In this exercise, the entries below include pictures. Repeat exactly the lines from the line with "Waterfall Background by Burtn" to the line with "Herman Miller Aeron", including both, but without the pictures.
[GIVEN DATA Boundary: Start]
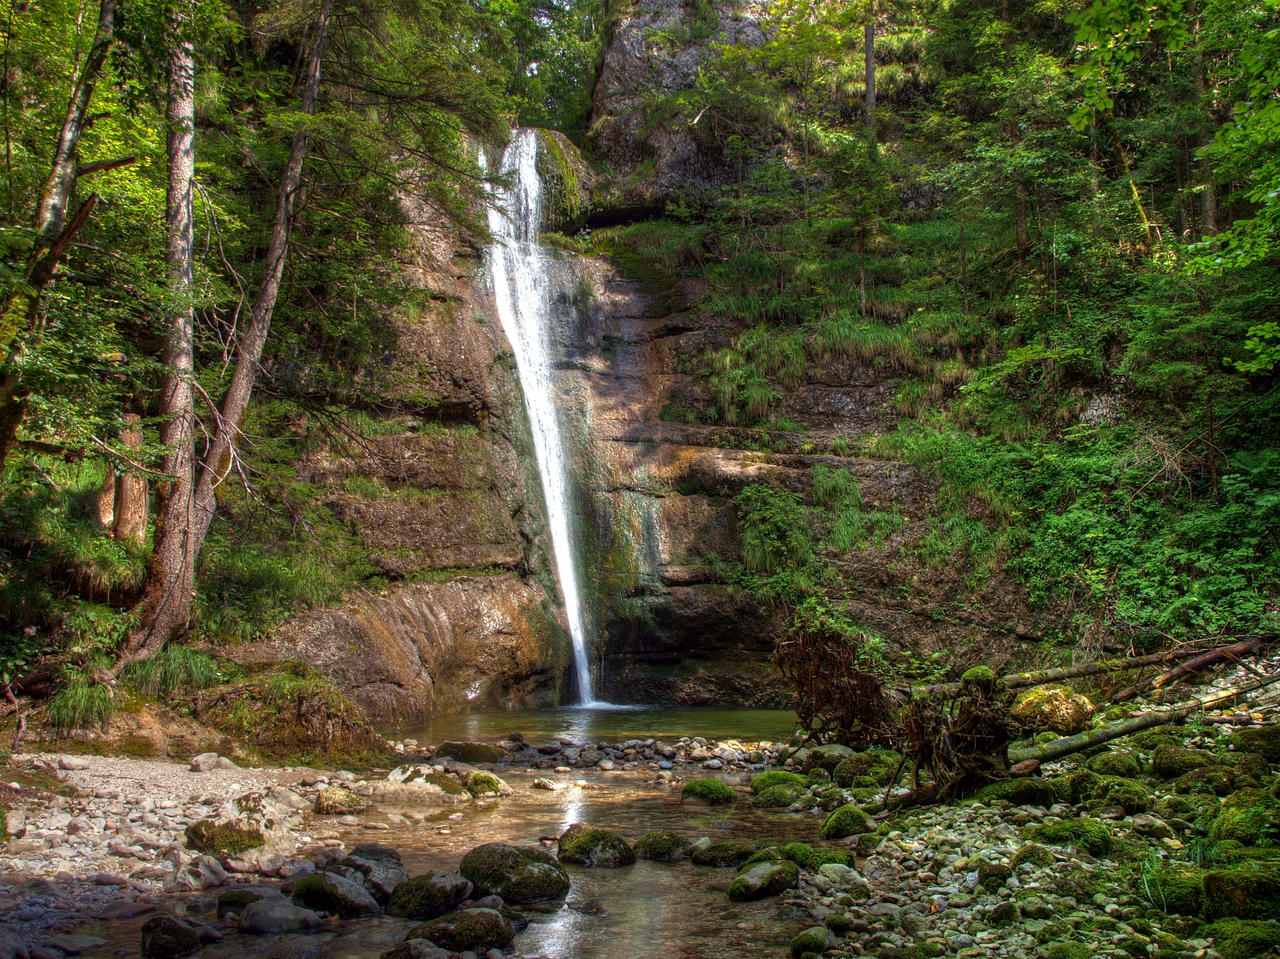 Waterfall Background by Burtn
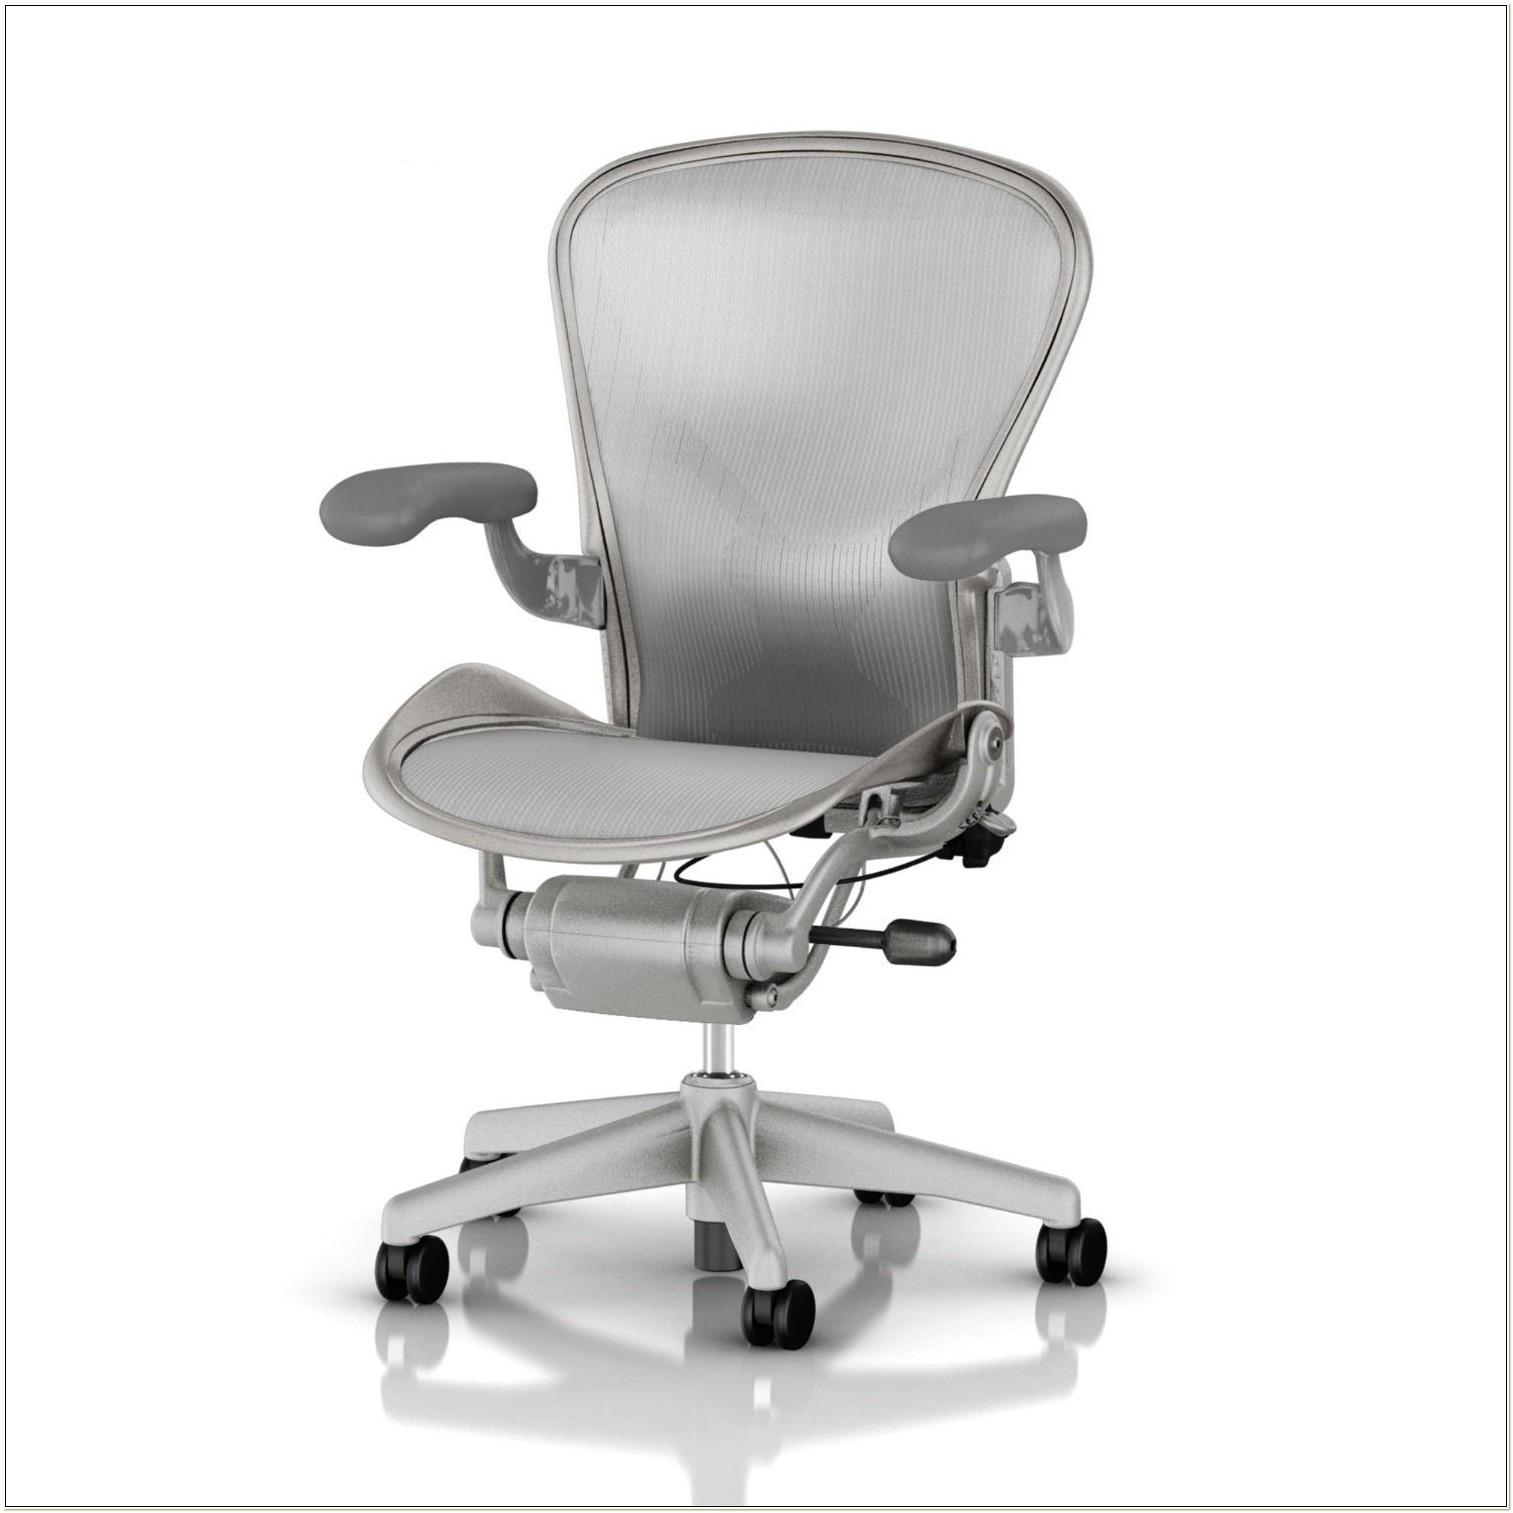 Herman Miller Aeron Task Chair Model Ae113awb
[GIVEN DATA Boundary: End]
[GIVEN DATA Boundary: Start]
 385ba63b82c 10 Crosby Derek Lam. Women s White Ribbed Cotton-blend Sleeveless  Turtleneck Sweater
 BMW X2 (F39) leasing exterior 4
[GIVEN DATA Boundary: End]
[GIVEN DATA Boundary: Start]
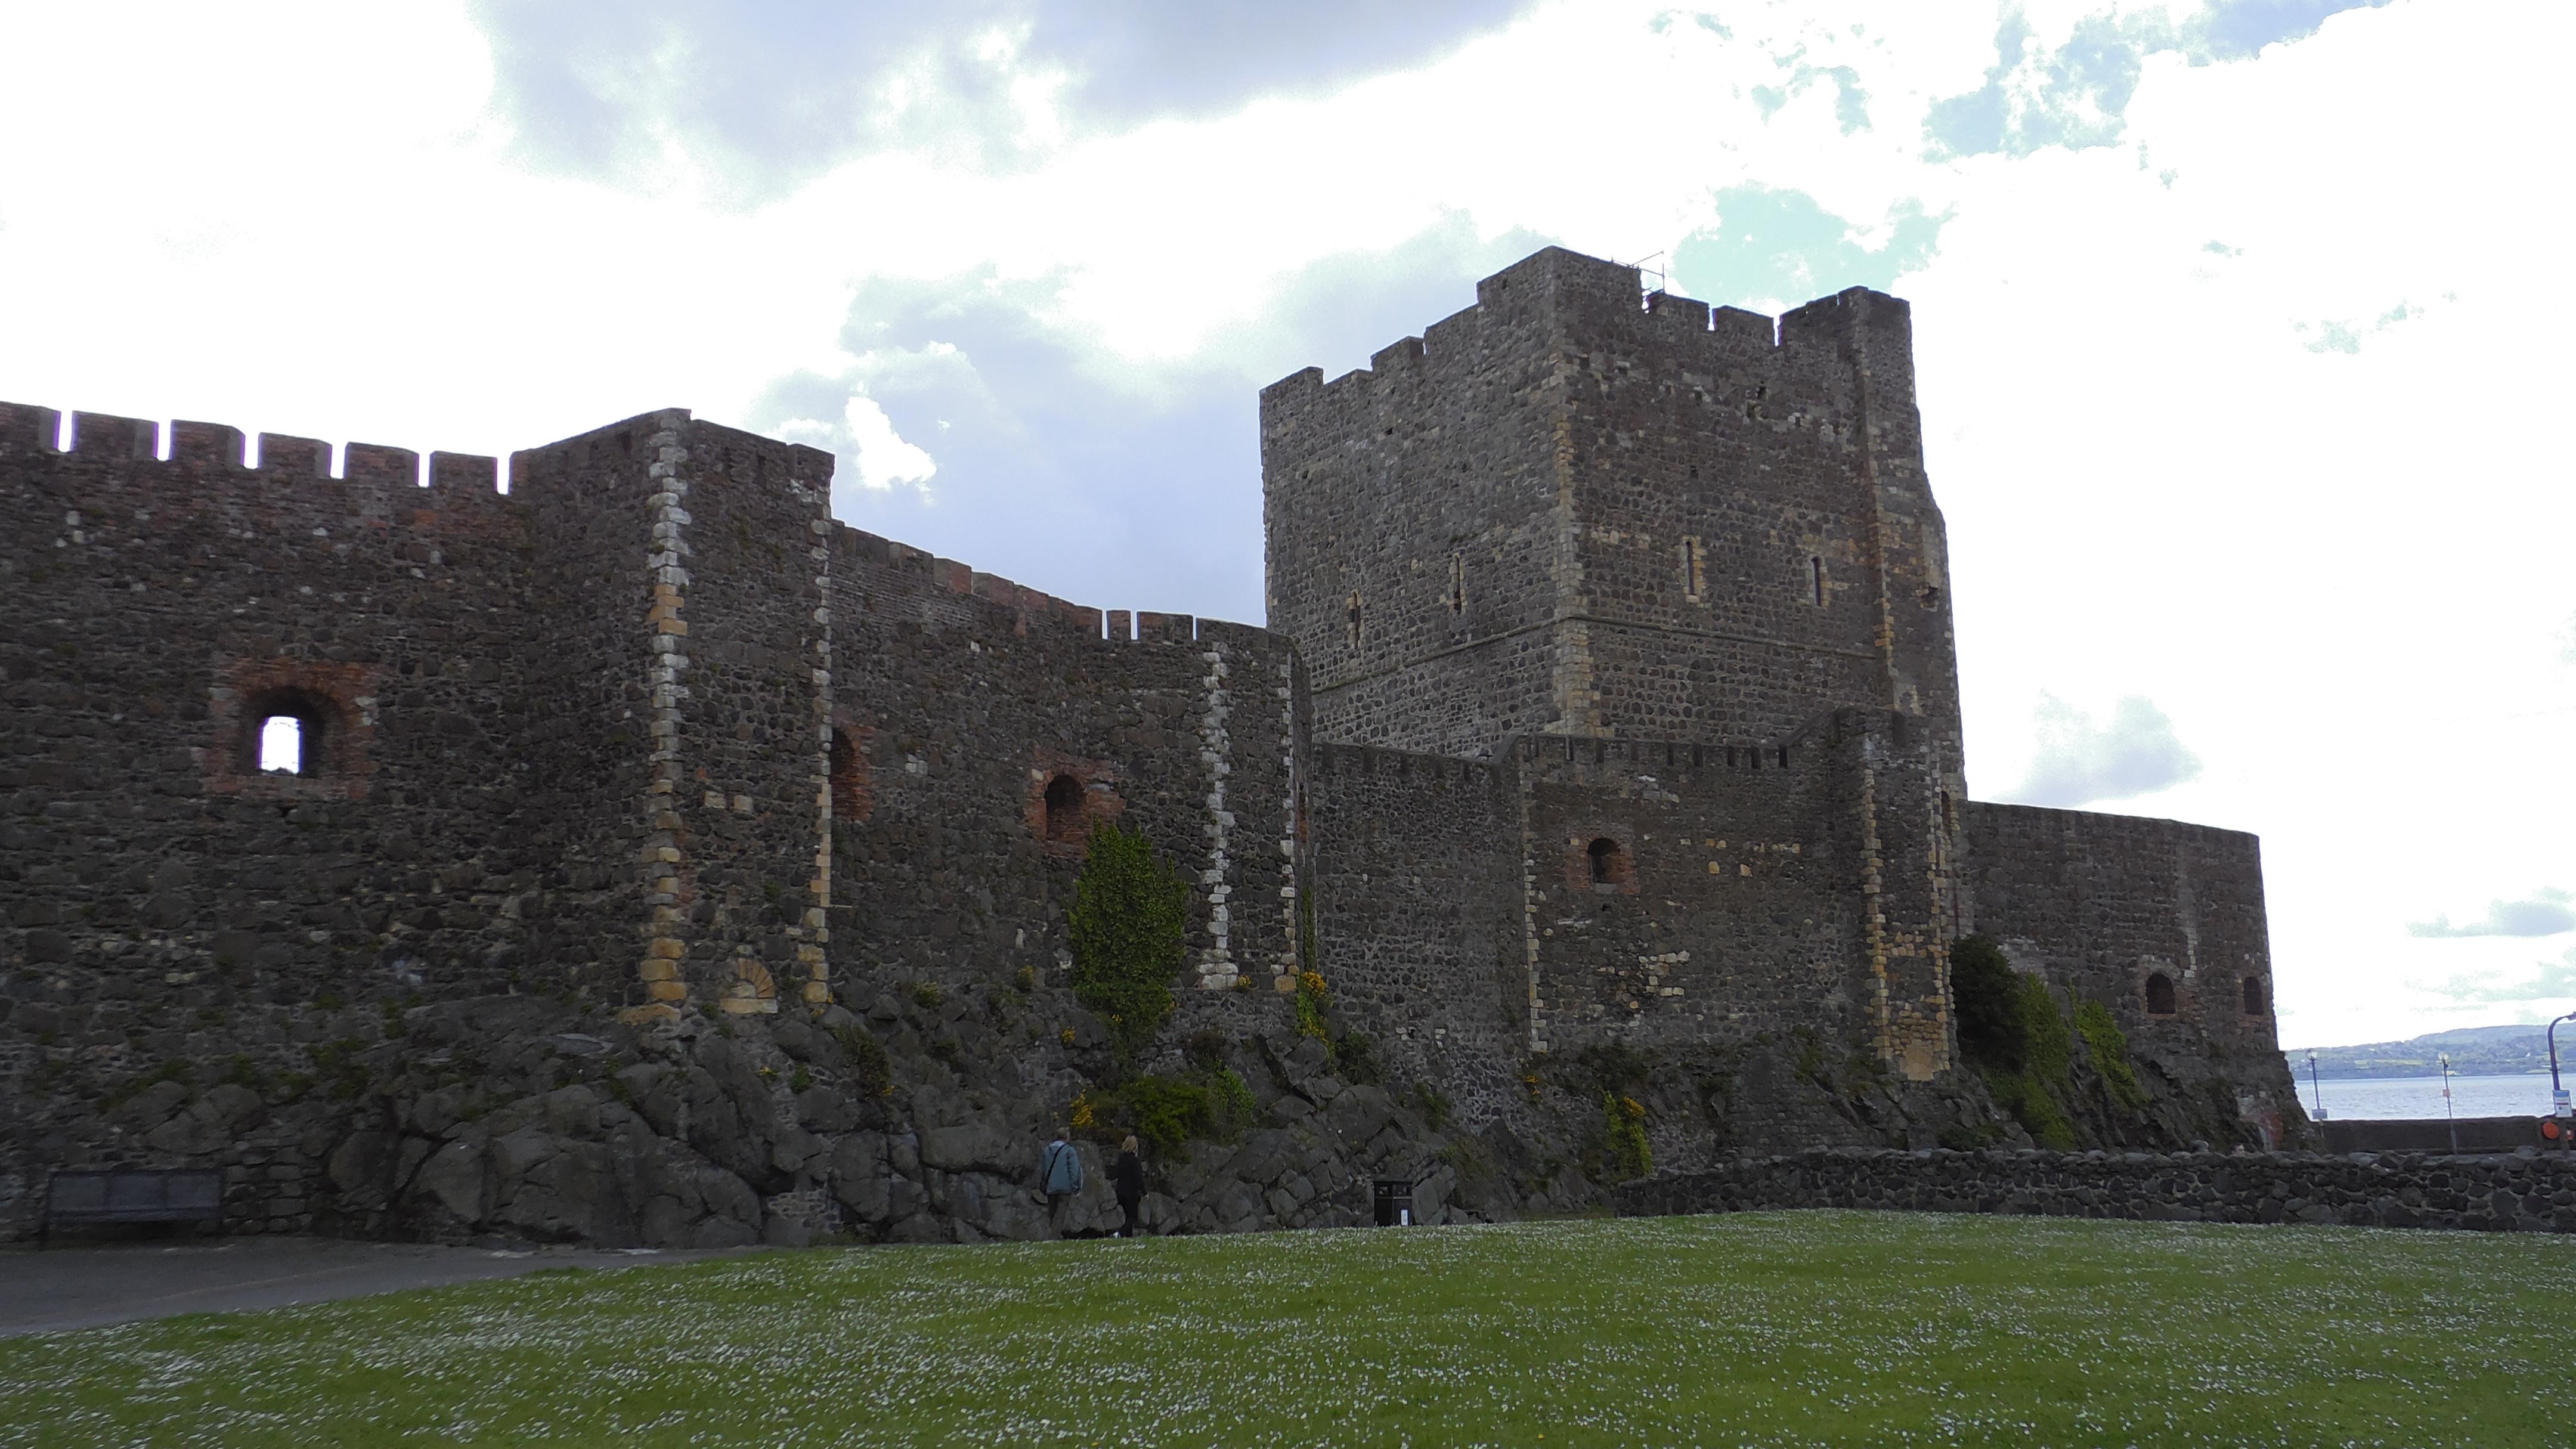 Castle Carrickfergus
[GIVEN DATA Boundary: End]
ANSWER TO THIS PROBLEM
 Waterfall Background by Burtn
 Herman Miller Aeron Task Chair Model Ae113awb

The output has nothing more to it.